$\newcommand{\pl}{\partial}$ $\newcommand{\M}{\mathcal{M}}$ $\newcommand{\N}{\mathcal{N}}$
Let $\M,\N$ be smooth compact, connected, oriented manifolds of the same dimension.
Let $\,f_n:\M \to \N$ be a sequence of smooth orientation-preserving embeddings, which converges uniformly to a smooth immersion $f:\M \to \N$.
Is it true that for every $q \in \N$, the inverse image $f^{-1}(q)$ is finite?
The following example shows that $f$ does not need to be injective:
$\M=[0,2\pi],\N=\mathbb{S}^1 $, and
$$ f_n(t)=e^{i(1-\frac{1}{n})t}, f(t)=e^{ it}.$$
Then $f(0)=f(2\pi)$.
By "multiplying\tensoring" $f_n,f$ with $\text{Id}_{\mathbb{S}^1}$ one can see that in general there is no finite subset of $\M$ that removing it will make $f$ injective.
Any smooth immersion $f : \mathcal{M} \to \mathcal{N}$ between compact manifolds has the property that $f^{-1}(q)$ is finite for all $q \in \mathcal{N}$. This is true regardless of whether $f$ arose from some limiting process, and regardless of whether $\mathcal{M}$ and $\mathcal{N}$ have the same dimension.

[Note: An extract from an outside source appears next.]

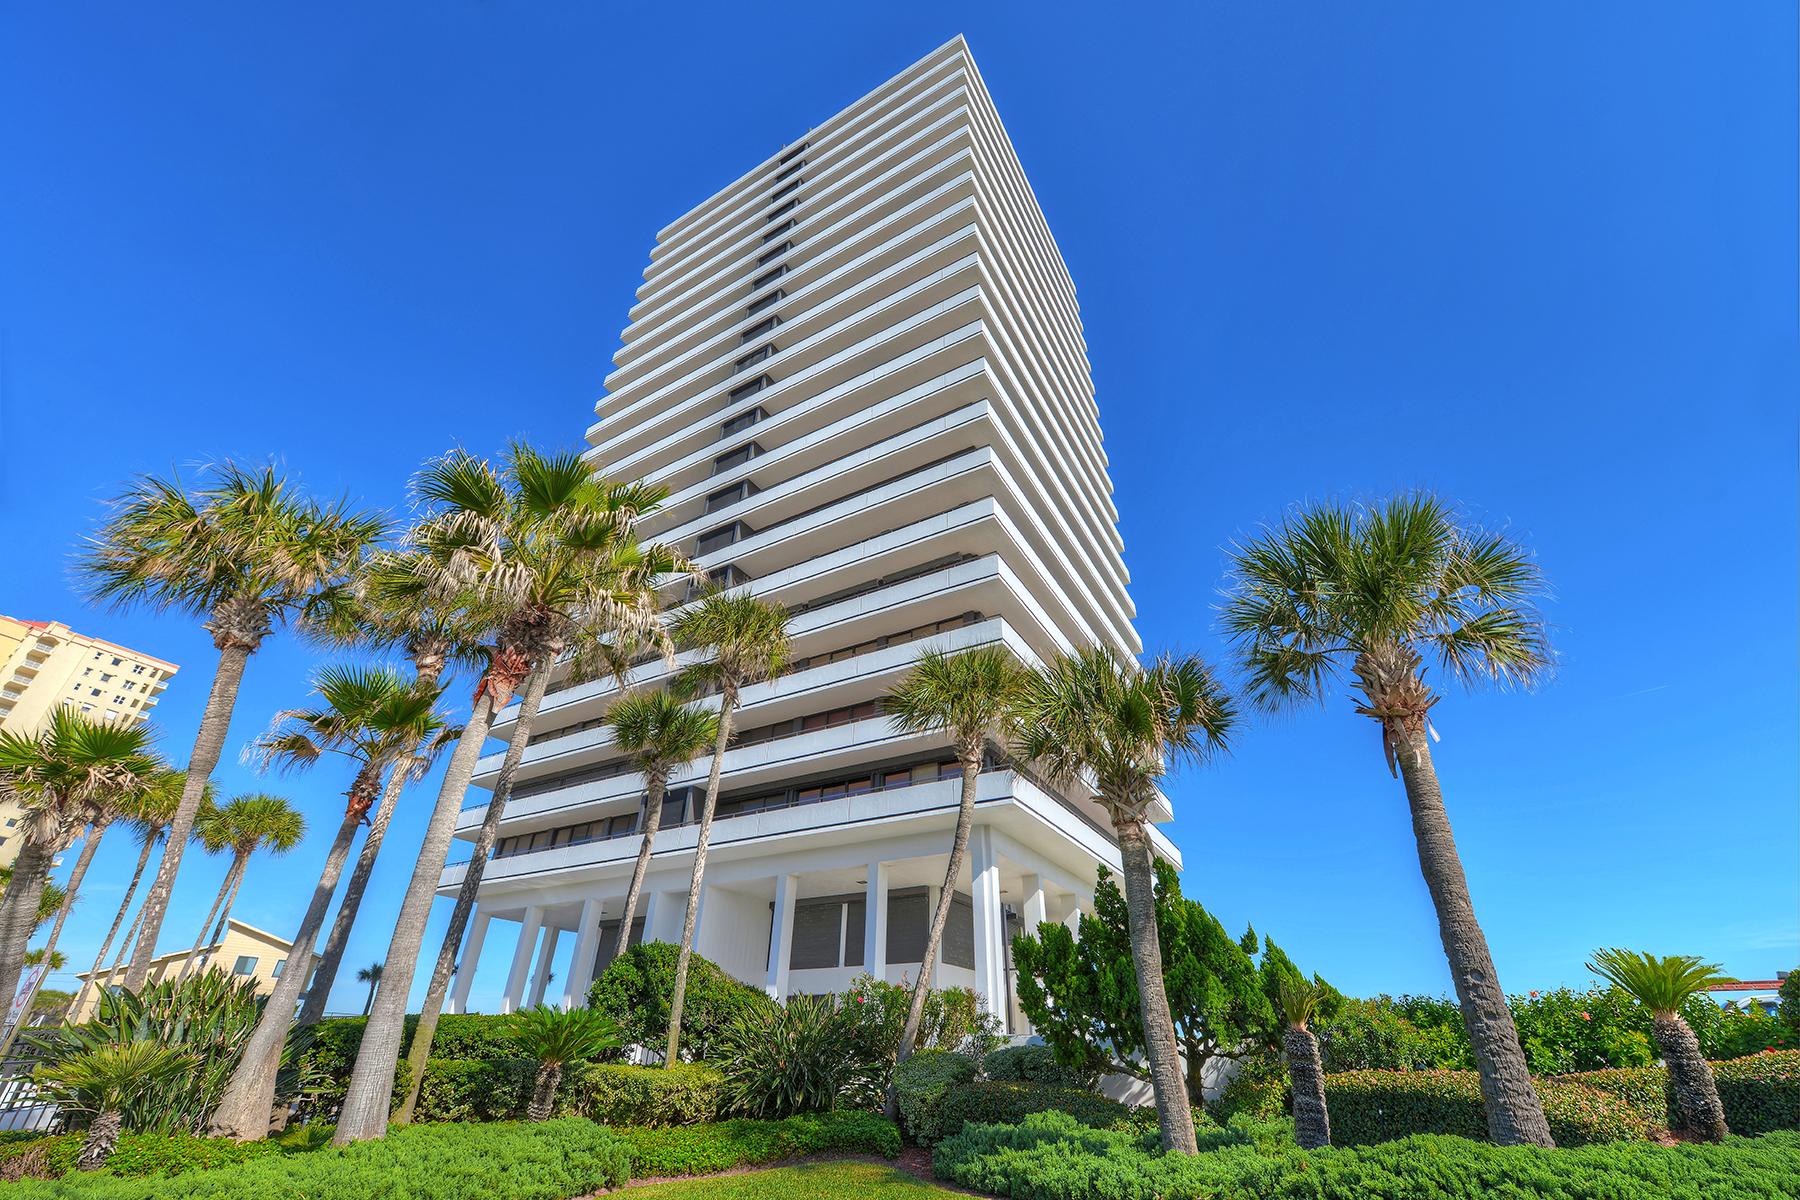 共管物業 為 出售 在 2200 N Atlantic Ave , 801, Daytona Beach, FL 32118 2200 N Atlantic Ave 801 Daytona Beach, 佛羅里達州 32118 美國

For the proof, every immersion is a local embedding, meaning that for each $x \in \mathcal{M}$ there is an open neighborhood $U \subset \mathcal{M}$ of $x$ such that $f | U$ is injective. It follows that for each $q \in \mathcal{N}$, the subset $f^{-1}(q) \subset \mathcal{M}$ is discrete. Also, $f^{-1}(q)$ is a closed subset of $\mathcal{M}$. But every discrete, closed subset of a compact space is finite.